Do you want to collect all features used in each subtree? Here is a short script that achieves it, using JSON dump and a little bit of Python:
import xgboost
import json
import pprint
def annotate_tree(node):
if 'children' in node:
annotate_tree(node['children'][0])
annotate_tree(node['children'][1])
node['features_used'] = node['children'][0]['features_used'] + node['children'][1]['features_used'] + [node['split']]
else:
node['features_used'] = []
def print_tree(node, depth=0):
indent = ' ' * depth
if 'children' in node:
print(f'{indent}{node["nodeid"]}:[f{node["split"]}<{node["split_condition"]}] yes={node["yes"]}, no={node["no"]}, missing={node["missing"]}, features used in this subtree: {node["features_used"]}')
print_tree(node['children'][0], depth=depth + 1)
print_tree(node['children'][1], depth=depth + 1)
else:
print(f'{indent}{node["nodeid"]}:leaf={node["leaf"]}')
bst = xgboost.Booster(model_file='xgb.model')
pp = pprint.PrettyPrinter(indent=4)
for tree_id, tree_dump in enumerate(bst.get_dump(dump_format='json')):
print(f'booster[{tree_id}]:')
tree = json.loads(tree_dump)
annotate_tree(tree)
print_tree(tree)
Example output:
booster[0]:
0:[f29<-9.53674316e-07] yes=1, no=2, missing=1, features used in this subtree: [56, 109, 29]
1:[f56<-9.53674316e-07] yes=3, no=4, missing=3, features used in this subtree: [56]
3:leaf=-0.856615365
4:leaf=0.853982329
2:[f109<-9.53674316e-07] yes=5, no=6, missing=5, features used in this subtree: [109]
5:leaf=0.971056461
6:leaf=-0.963636339
booster[1]:
0:[f29<-9.53674316e-07] yes=1, no=2, missing=1, features used in this subtree: [56, 109, 29]
1:[f56<-9.53674316e-07] yes=3, no=4, missing=3, features used in this subtree: [56]
3:leaf=0.856615365
4:leaf=-0.853982329
2:[f109<-9.53674316e-07] yes=5, no=6, missing=5, features used in this subtree: [109]
5:leaf=-0.971056461
6:leaf=0.963636339
booster[2]:
0:[f60<-9.53674316e-07] yes=1, no=2, missing=1, features used in this subtree: [29, 60]

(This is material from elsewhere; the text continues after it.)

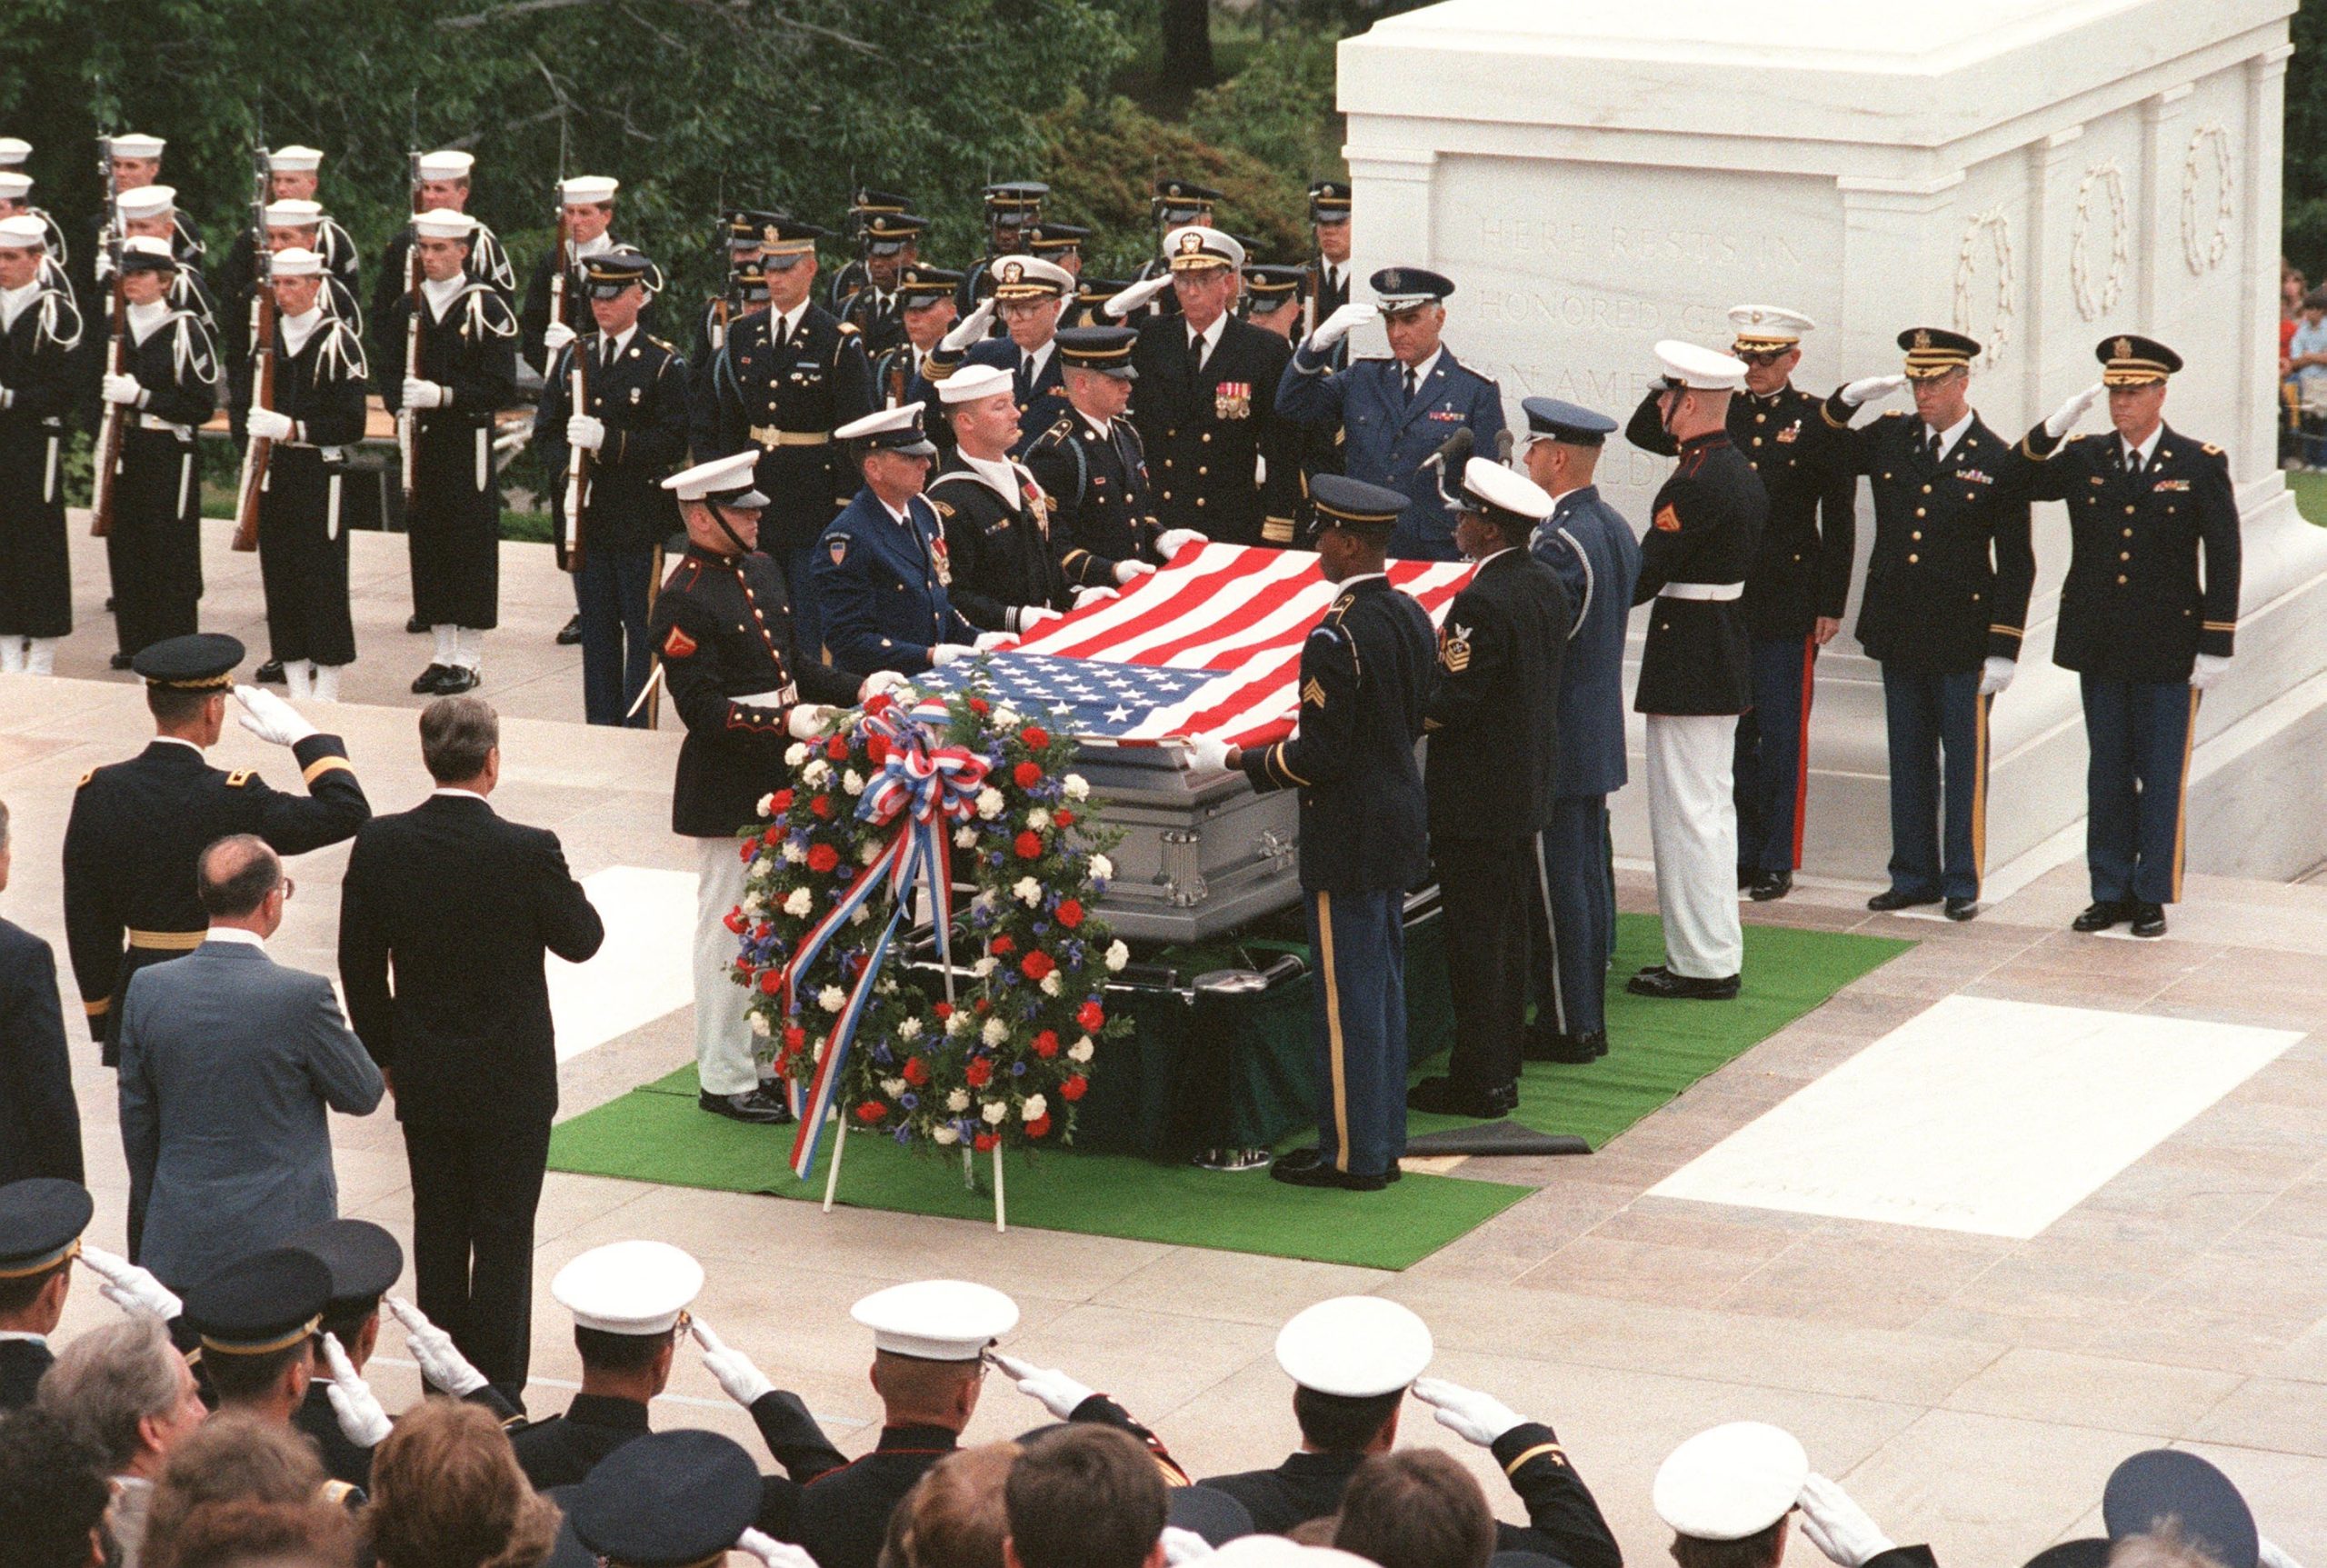 Interment ceremony for Vietnam Unknown at the Tomb of the Unknown Soldier, with President Ronald Reagan presiding, May 28, 1984. Testing later identified the Unknown as Air Force pilot Michael Blassie. (National Archives)

1:[f29<-9.53674316e-07] yes=3, no=4, missing=3, features used in this subtree: [29]
3:leaf=-0.393318802
4:leaf=0.485989004
2:leaf=3.19529176
booster[3]:
0:[f60<-9.53674316e-07] yes=1, no=2, missing=1, features used in this subtree: [29, 60]
1:[f29<-9.53674316e-07] yes=3, no=4, missing=3, features used in this subtree: [29]
3:leaf=0.393318832
4:leaf=-0.485989004
2:leaf=-3.19529128
I do not think it is necessary to add record_selections
parameter, since the information you want can be obtained by processing the JSON dump.